Option 18–24 25–34 35–44 45–54 55+
Coffee & scenic walk
27.6%
27.4%
29.5%
29.6%
27.0%
Quiet pint in a pub
24.1%
25.3%
24.8%
25.0%
24.6%
Dinner in town
20.7%
23.2%
20.2%
14.8%
6.3%
Sunday lunch out
3.4%
5.3%
8.5%
14.8%
24.6%
Something active
17.2%
14.7%
10.1%
10.2%
8.7%
Cooking together
6.9%
4.2%
7.0%
5.6%
8.7%

What the numbers say

The biggest story here isn't who won — it's the gender divide on the pub. The scenic walk claimed nearly two-thirds of its votes from women (64%), while the quiet pint flipped the other way: 63% of those who chose the local pub were men. Neither option is wrong, but if you're planning a first date blind, the walk and a coffee might be the safer call.

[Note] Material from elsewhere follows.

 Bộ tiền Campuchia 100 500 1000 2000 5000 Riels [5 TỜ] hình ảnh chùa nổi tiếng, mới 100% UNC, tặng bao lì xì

The generational gradient on Sunday lunch is striking. Among the under-25s, just one person chose it. Among the 55+ bracket, nearly one in four did — effectively tying it with the pub as the second most popular choice in that age group. The roast dinner as first-date territory is almost entirely a 45-plus phenomenon, which makes it a decent heuristic for setting expectations if you're browsing profiles by age.

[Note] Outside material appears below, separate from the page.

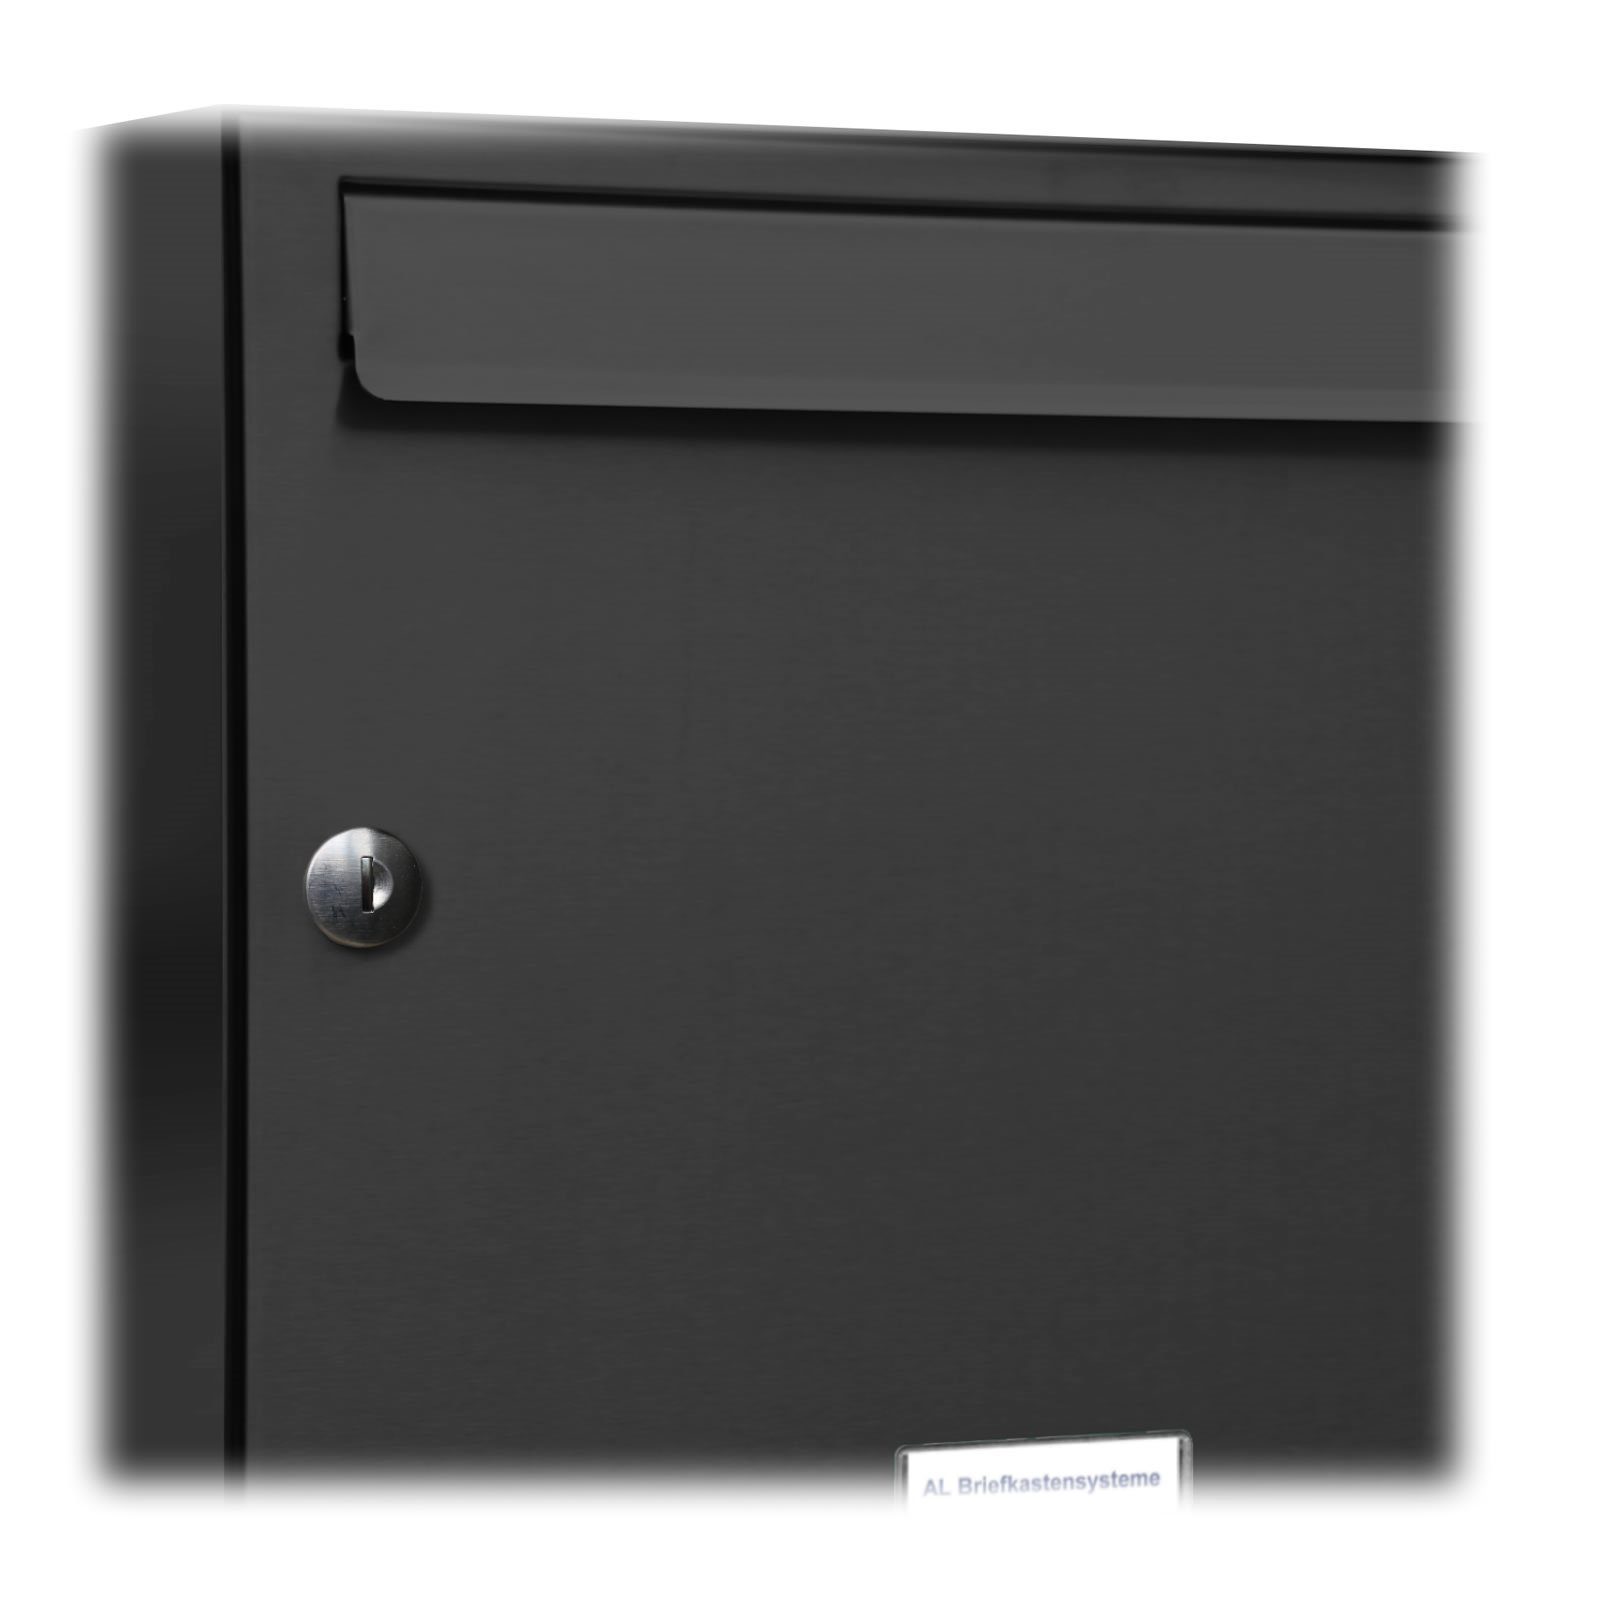 Briefkastensysteme RAL Premium 7016 Außen 1x2S Klingel 2er Briefkasten Wandbriefkasten Anthrazit 3 Farbe AL

Dinner in town has a clear gravitational pull on the 25–34 cohort (23.2%), but fades quickly with age — dropping to 6.3% among the over-55s. That age group appears to have moved past the formality of a restaurant date in favour of either the familiar warmth of the pub or the weight of a proper Sunday sitting. For younger members, dressing up and going somewhere nicer still holds some excitement.

The most gender-balanced answer in the whole poll was the active date option (gig, gallery, or coastal hike) — exactly 26 men and 26 women chose it. It's the closest thing to a universal answer, which makes it a reliable low-risk choice if you're genuinely unsure what your match is looking for. It also tends to travel — a coastal walk works from Cork to Donegal, which matters when you're Grounded to your own patch.

Poll ran 15–22 April 2026. 487 Grounded members responded. Self-reported demographics from member profiles.